そこで蟬は、短い生命を惜し気もなく燃焼して、晝も夜も鳴いている。
七年も八年も地中生活を送り漸く明るい地上に出て、約一週間の生命と言う蟬。夜まで鳴いていたら、生命が縮むのではないかと思い、わが家の四つの外灯を消すことにした。
その結果、効果はてきめんだった。然し街路灯や各家庭の灯りが明るいので、蟬は移動して鳴いてはいるが、確実に夜の演奏会は半減したようだ。

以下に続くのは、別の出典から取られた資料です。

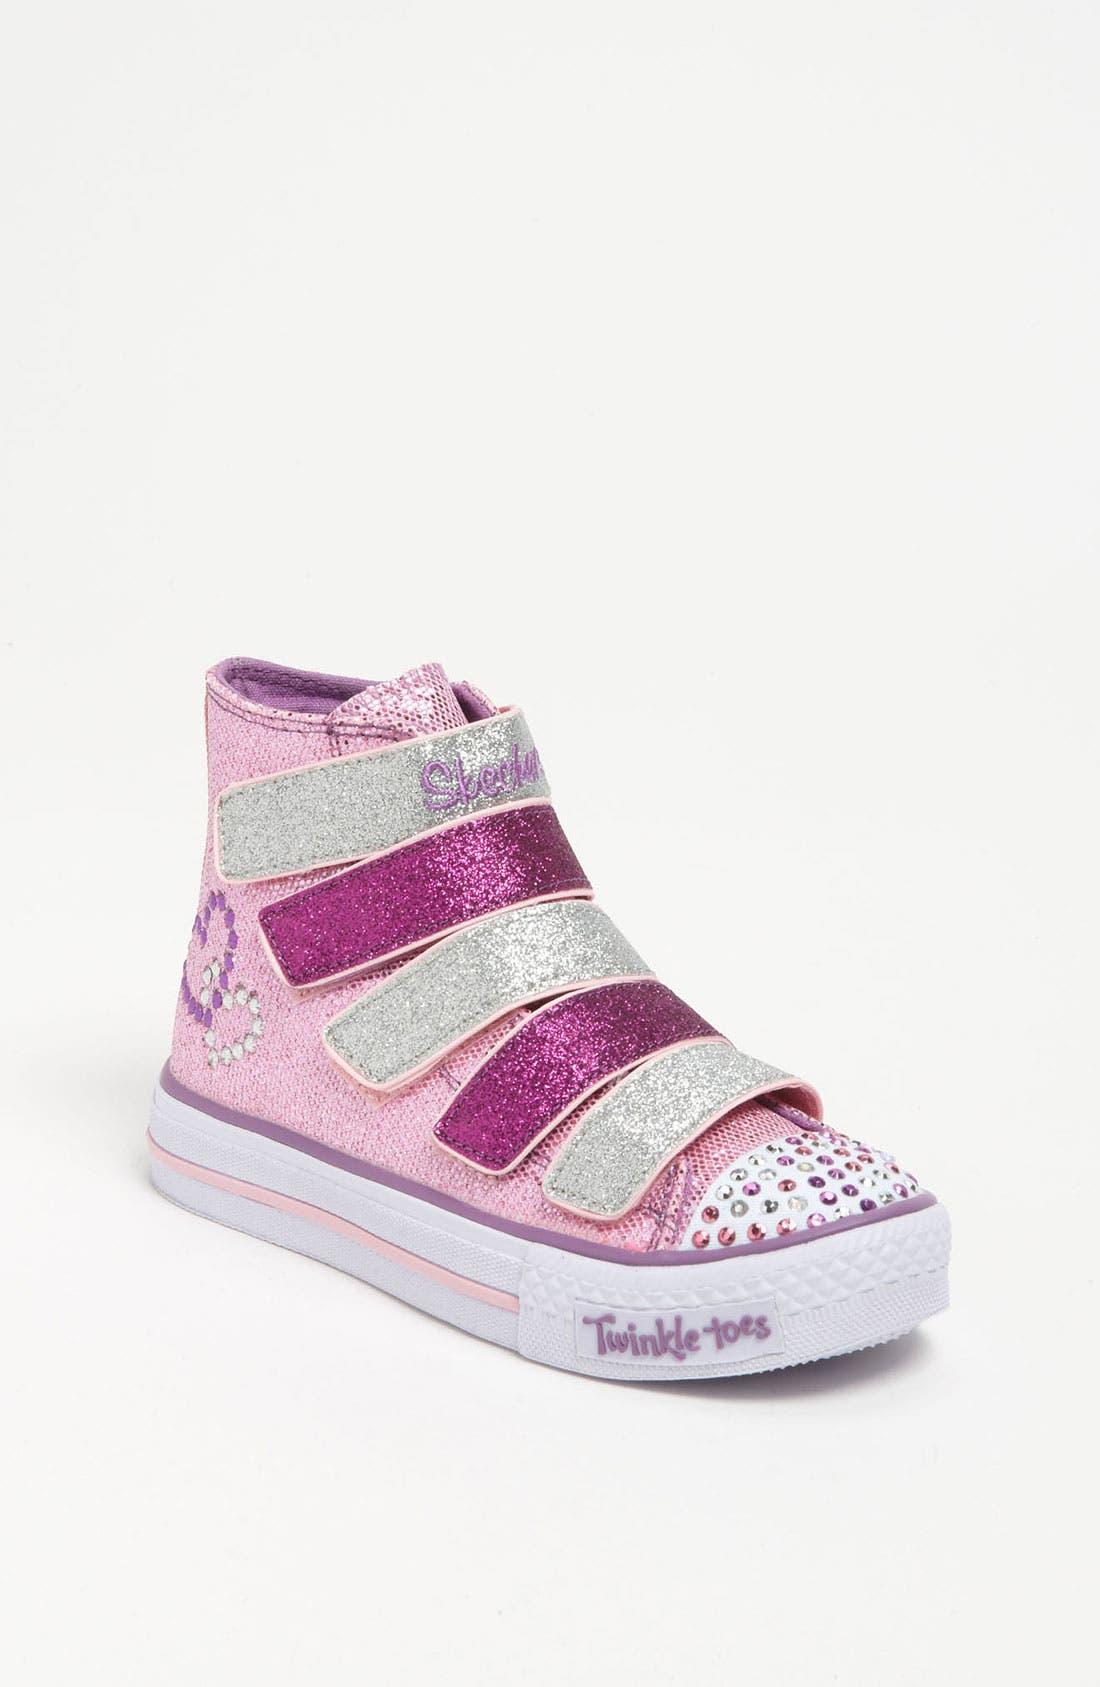 Alternate Image 1 Selected - SKECHERS 'Shuffles S Lights -  5 Alive' Sneaker (Toddler & Little Kid)
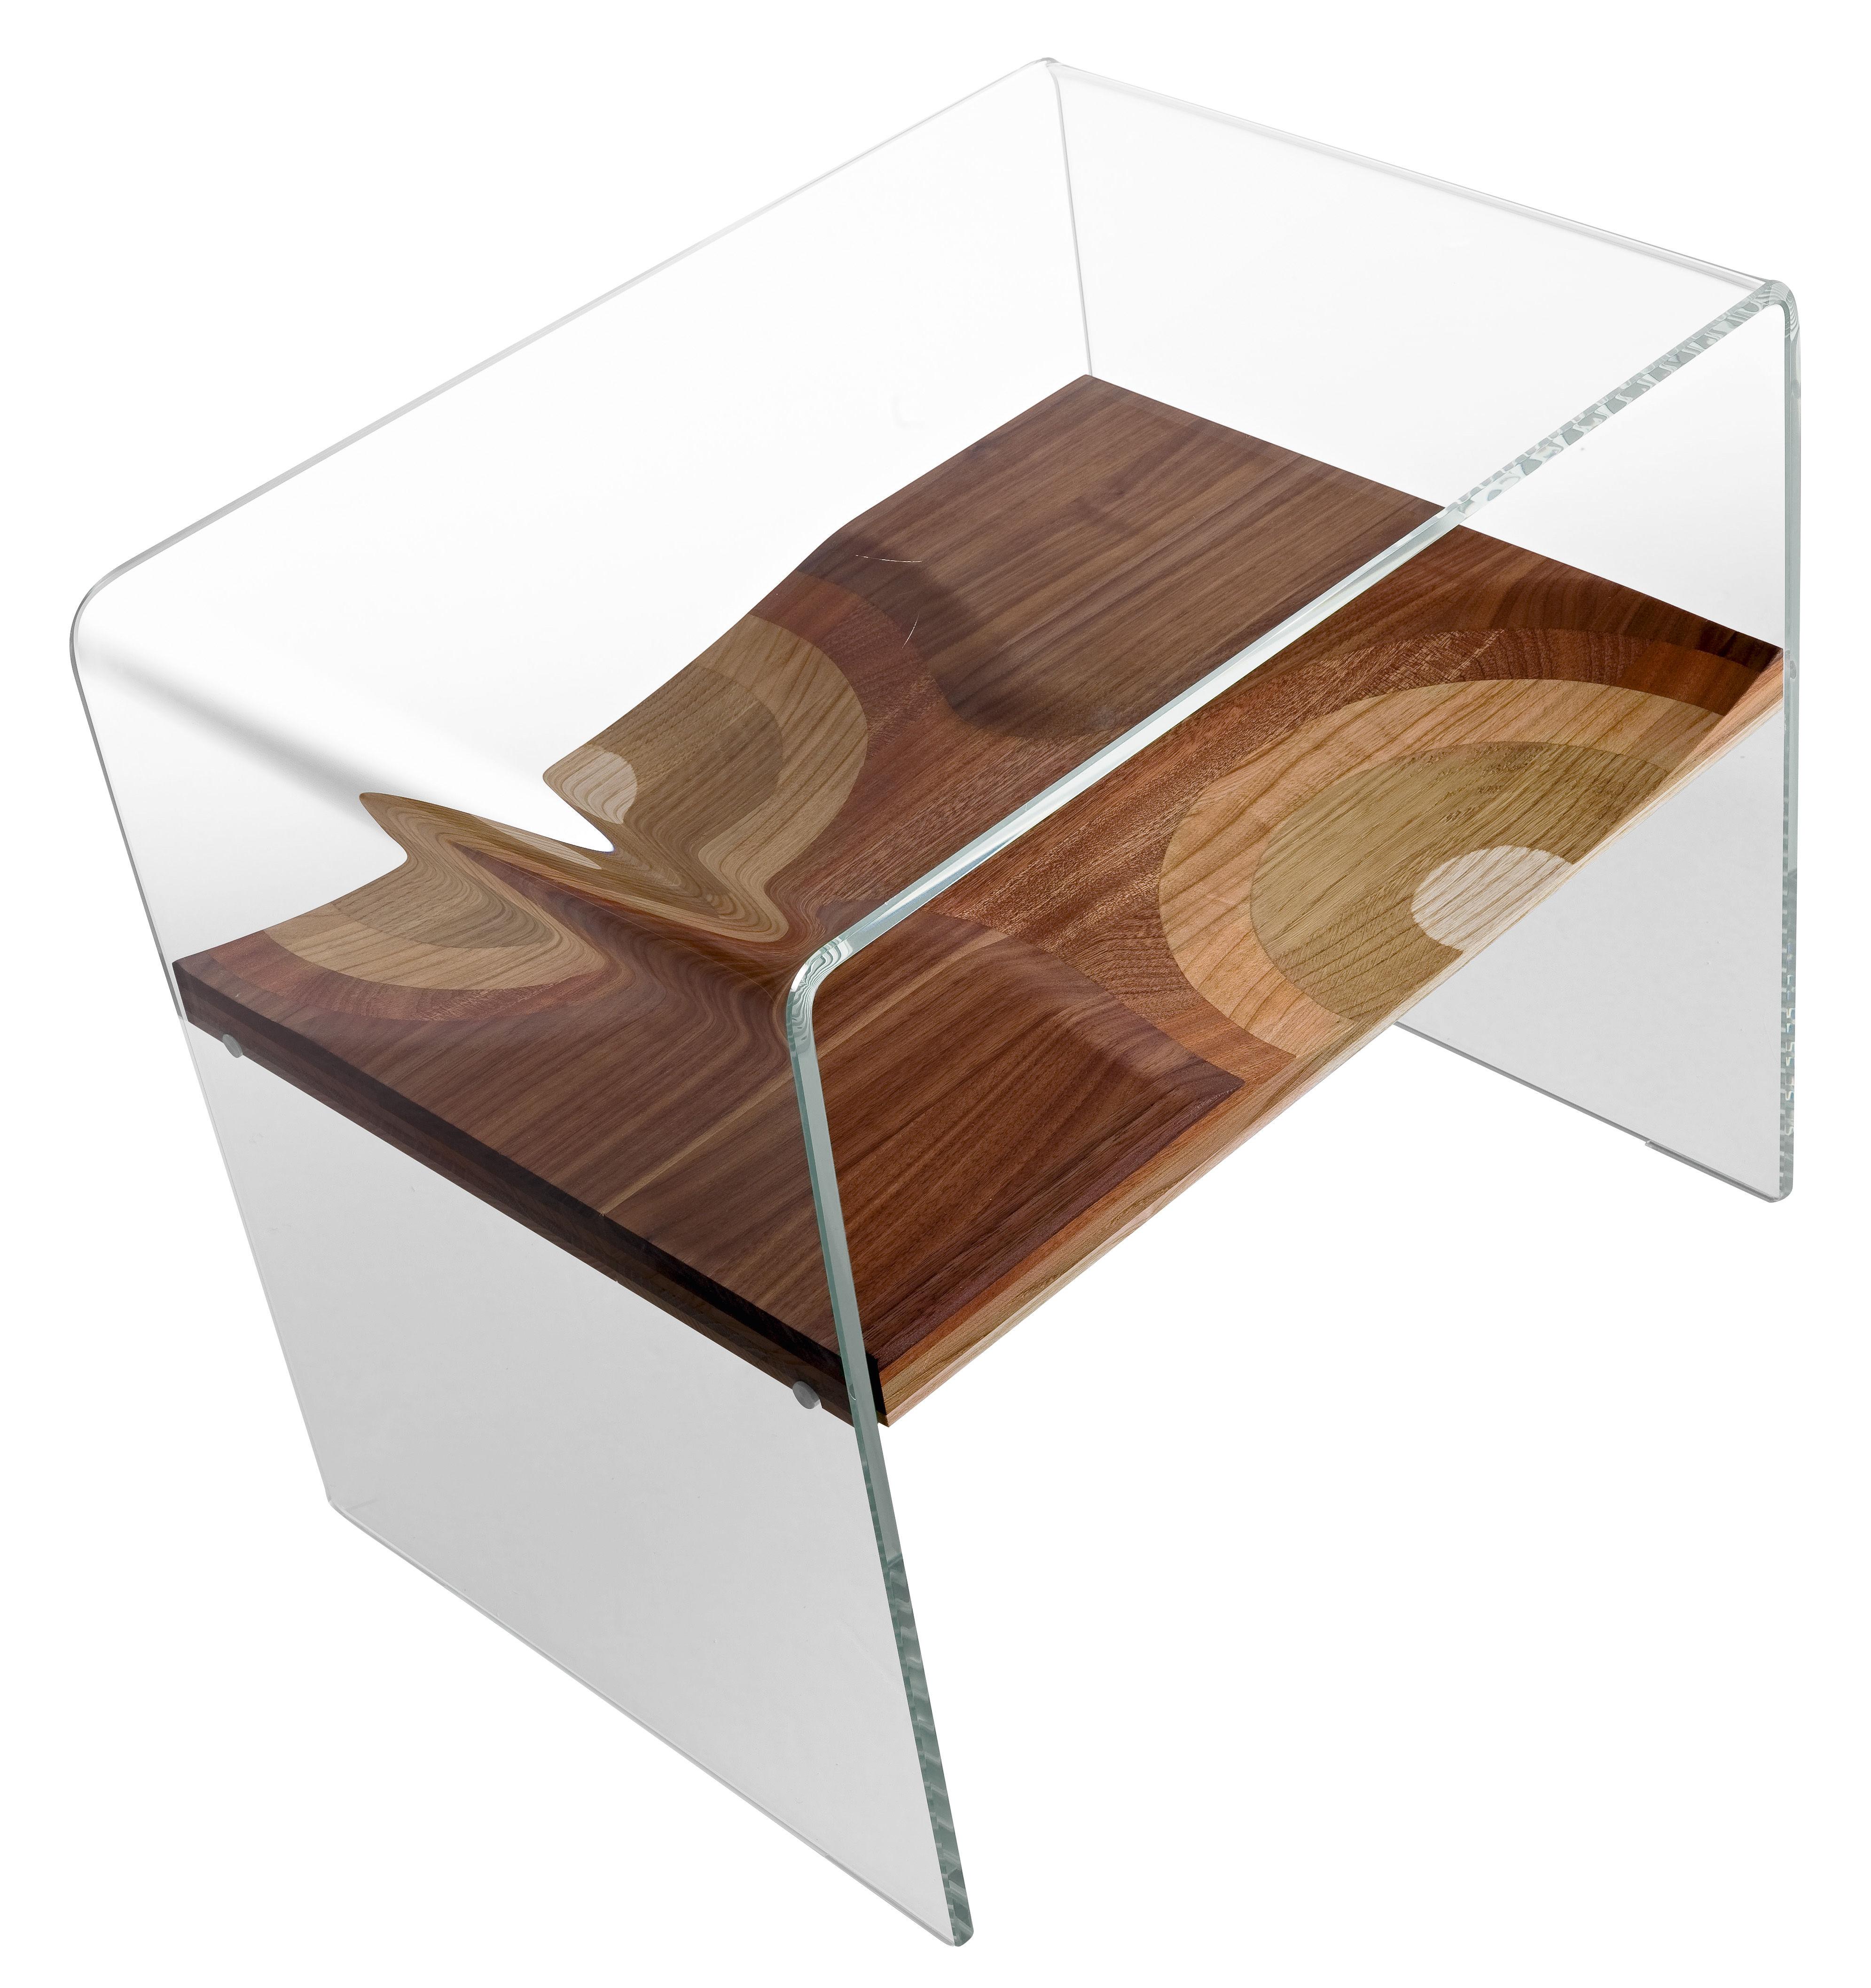 Arredamento - Comodini - Comodino Bifronte di Horm - Trasparente - laminato di legno, Vetro temprato

過日取材で、ある新聞社の若い記者と庭に出た時、欅の大木に忍者のように、蟬がびっしりと止っていた。
私は、パッと素手で、蟬を捕った。
ジージーと悲鳴をあげる蟬を、すぐ放してやったが、若い記者は驚き且、あきれていた。
瞬間の出来事に、野生育ちがバレて了ったが、手の平をくすぐるあの感觸が、少女の頃を思い出させた。
最後までお読みいただき、ありがとうございました。
次回も、小黒恵子の神奈川新聞のサンデーブレイク原稿をご紹介します。(S)
この記事が気に入ったらサポートをしてみませんか?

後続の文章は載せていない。